With the advent of BYOD, it seems like just yesterday that a new mobile movement was making waves through enterprise organizations across the globe. BYOD offers new opportunities for increased productivity, but it also raises a slew of difficult security questions. While many IT pros are still wading through the repercussions of this mobile onslaught, a fresh, new user revolution is creating similar buzz (and similar problems).

Bring your own network, or BYON, has piggybacked on the success of mobile device integration to expand the sphere of influence that users have over their work environment, allowing them to set up and connect to their own personal networks if the available network doesn't suit their needs. With its growing popularity, here are some tips to help you protect your network infrastructure.

Defining the Relationship

The first step towards corralling the proliferation of user networks within your organization's environment is to define where you stand on the issue. You may look at BYON and see an opportunity to enhance flexibility for users and increase productivity. Conversely, you may find your environment too sensitive (due to data restrictions, user agreements and other security concerns) to allow foreign networks to integrate with business processes. Decide what your stance will be on the use of personal networks, and make sure that your users understand where you draw the line.

If you decide to allow user networks in your environment, the next step is to tackle the logistics of how far they can reach into business processes and vice versa. To do this, you'll need to develop a digital and physical policy to govern how devices and applications interact with these networks. As you create your policy, it's important to have a clear understanding of both the goal of BYON in your environment — if you're allowing it, it must have a purpose — and the potential consequences of integration. If, at any point, the consequences (be they financial, security or productivity risks) outweigh the projected benefits of the technology, it's a good idea to go back to basics and revisit your stance on allowing user networks at all.

An Inseparable Duo

At its core, the growth of BYON is closely tied to the proliferation of BYOD due to their inherent reliance on each other. Without network connectivity, bringing mobile devices into the workplace would be just short of useless. Similarly, creating a personal network without a device to connect to it would be rather fruitless. As such, you can't expect to manage one without first managing the other.

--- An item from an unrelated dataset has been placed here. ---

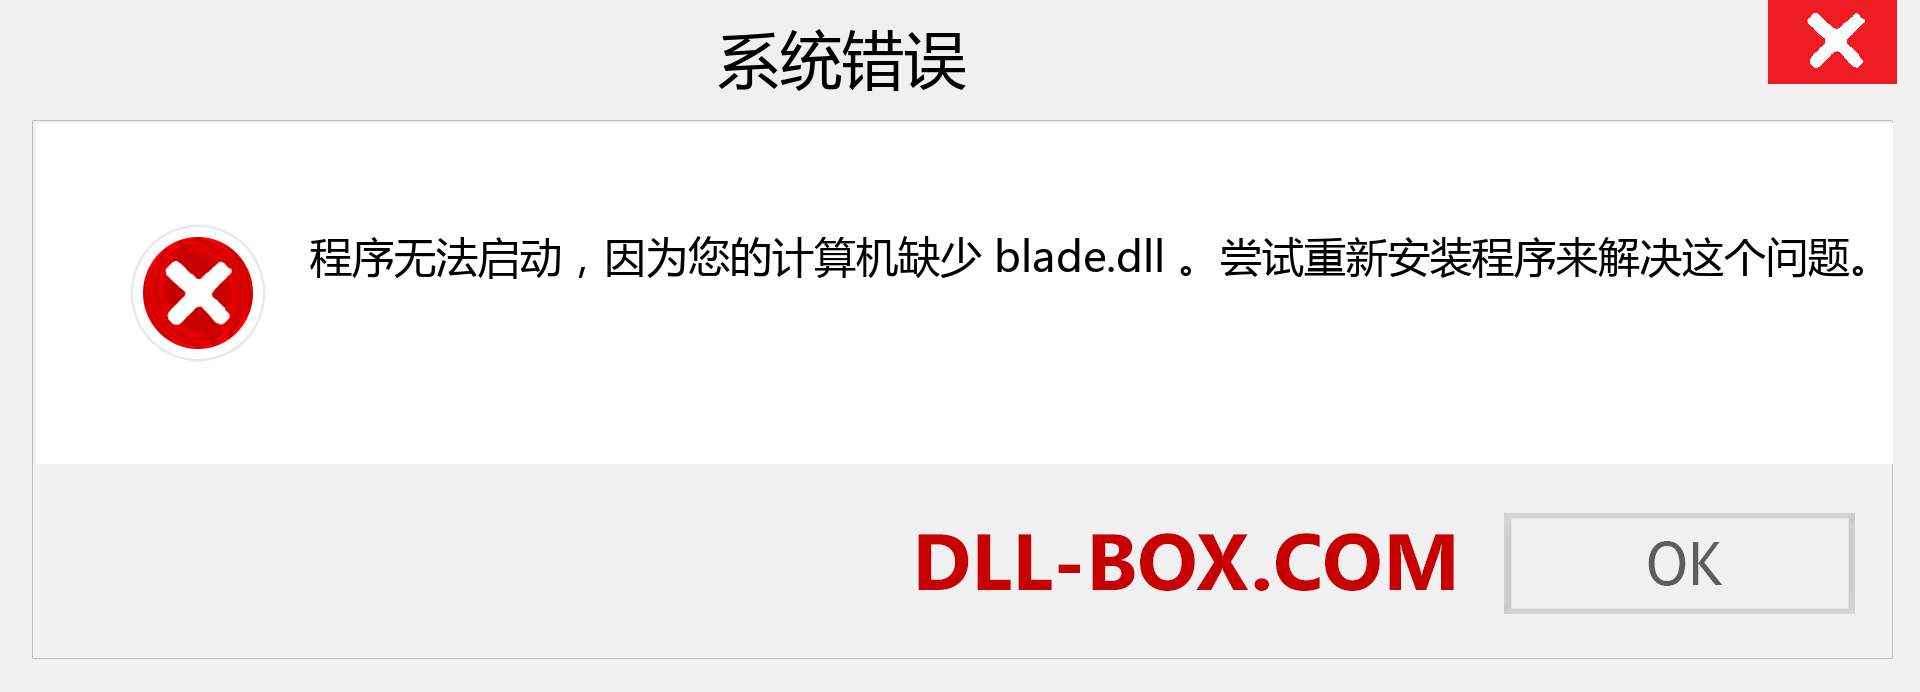 blade.dll 文件丢失？。 适用于 Windows 7、8、10 的下载 - 修复 Windows、照片、图像上的 blade dll 丢失错误

Along the same lines, as you build a security strategy to deal with the inevitable introduction of user networks (because it will happen, regardless of your official stance on the matter), it's imperative to understand that the reasons why users opt for BYON are nearly identical to the reasons why they choose BYOD — usually, entertainment or convenience. With that in mind, creating a secure network environment will be much easier if you include viable outlets that cater to these user motivations within your authorized enterprise network, and ensure that users know how to access them. Doing so will prevent the need for users to rely on their own technology.

It's also a good idea to keep in mind that BYON doesn't necessarily require BYOD in every scenario. With the growing popularity of ISP hotspots, users could also leverage existing networks from the surrounding environment. Plan accordingly.

When All Else Fails

Unfortunately, no matter how clear or well rounded your policy is, as long as humans are involved, it will be broken — inadvertently, or not. For this reason, having a comprehensive solution in place to monitor your network environment for potential threats is a must. That way, rogue networks and devices that don't conform to your predefined policy can be handled in a secure and automated fashion.

This will also increase visibility by keeping you informed of changing network topology and how devices or apps are accessing the network. As a result, network monitoring should always be an integral part of any BYO deployment.

Educate Your Users

When you examine your security strategy, you'll find that every risk begins and ends with the users themselves. The better trained and equipped they are to understand the technology and associated risks, the better they'll be able to avoid the pitfalls. By educating users not only on your organization's policy, but why it was created, they'll be better able to make the right judgment call when the time comes.